Sallie Chilcoat is a romance writer, one who moved from her home state of Washington to Virginia, to be with the man she thought she was in love with. That didn't work out, but she's still in Virginia, living in a fairly high-end small town, in a condo development that's very nice, but with a mortgage she can afford.
Sallie tries to keep her writing career to herself, but she's living across the hall from a friendly, likeable, extremely chatty gossip. Beth is an older woman, friendly and outgoing, with no family anymore. Sallie enjoys her company, even if she has to watch what she says.
Then one day, she's looking out the window of her condo, and sees a man playing an accordion in the gazebo. She goes out for a walk, and on her way back, she finds the accordion player still in the gazebo, but no longer playing. He is now dead.

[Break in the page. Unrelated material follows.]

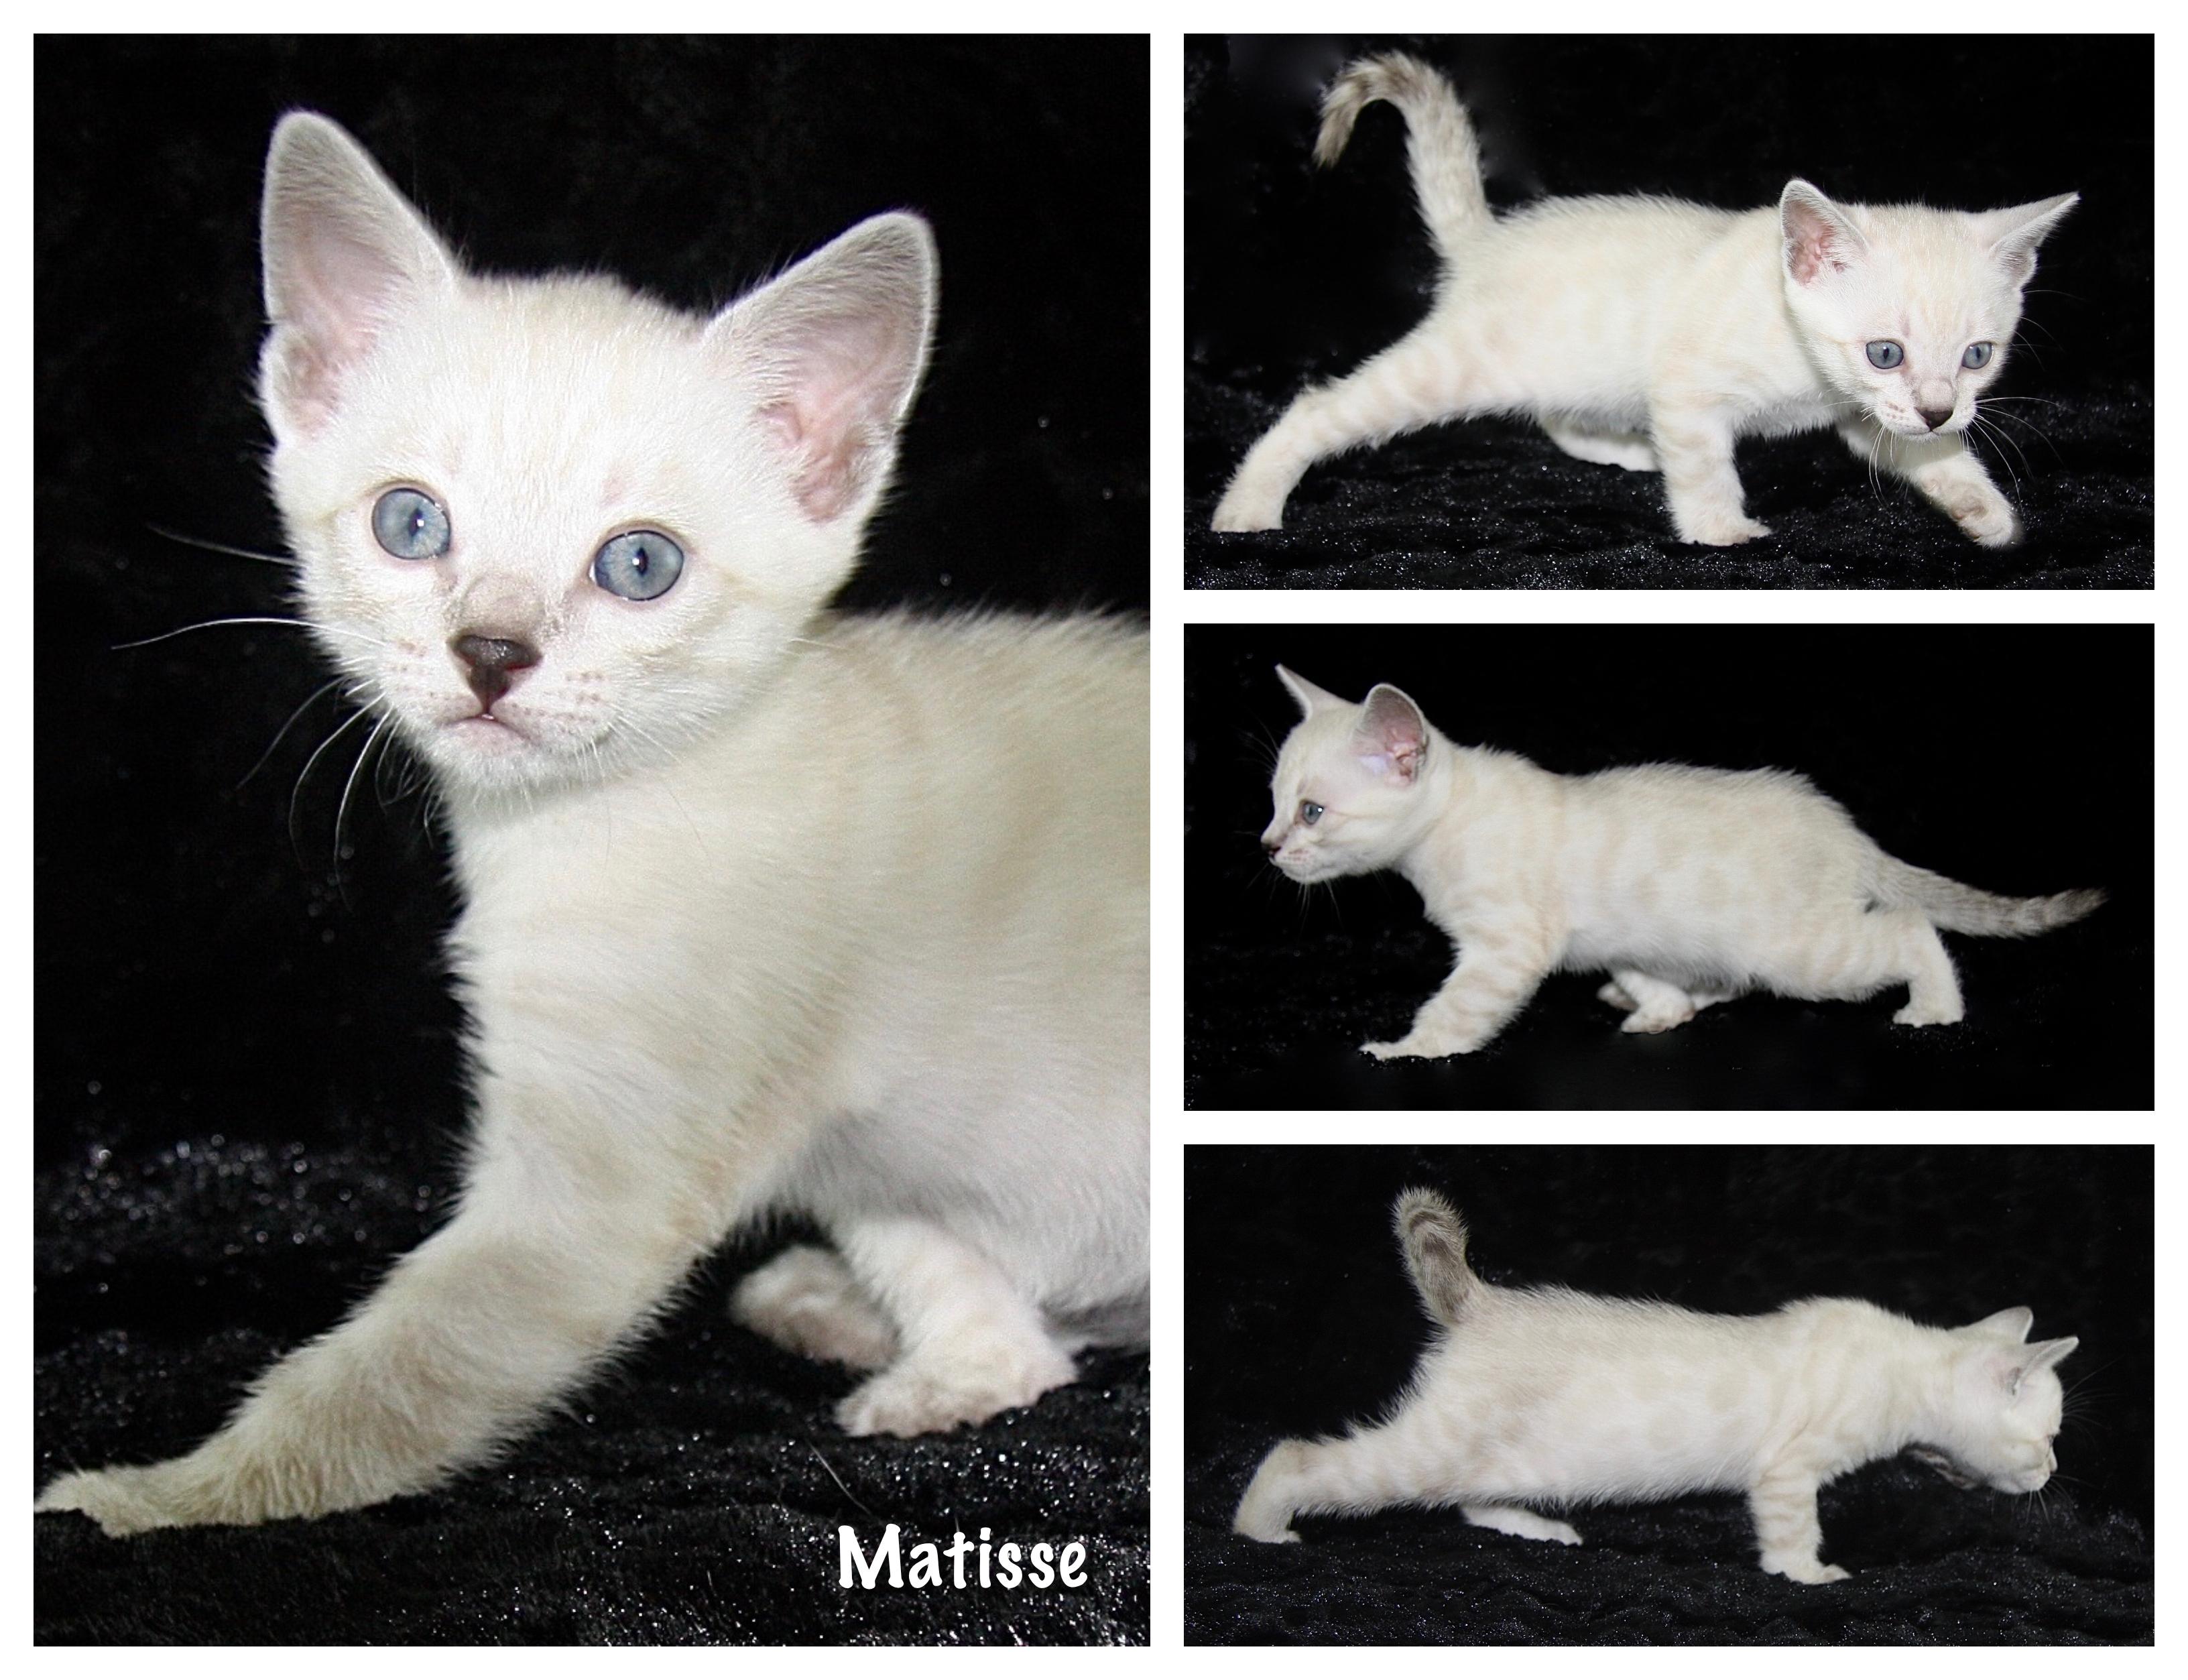 Matisse 6 weeks

She calls 911, and before the police arrive two of her neighbors, Cass and her husband Dan, arrive. Dan says they barely know the dead man, Alan Staples, while Cass seems far more upset than bare acquaintance makes likely. It's not long before Sallie, and Bill, the handsome handyman whose looks she's been admiring, are conducting their own investigation of their neighbors.
They're both smart, observant, competent people. They also both have their own set of emotional insecurities, though we see Sallie's from the inside, as it were, and Bill's only through what Sallie observes. Amongst their neighbors, both in the condo development and in the nearby area, they find a plentiful supply of potential suspects. The dead man turns out to have been a ladies' man who has been making trouble among the ladies since he was a teenager in a foster home.
This is a lively, fun story, and Michelle Babb, as always, does a great job with the narration. Recommended.
I received a free copy of this audiobook from the narrator, and am reviewing it voluntarily.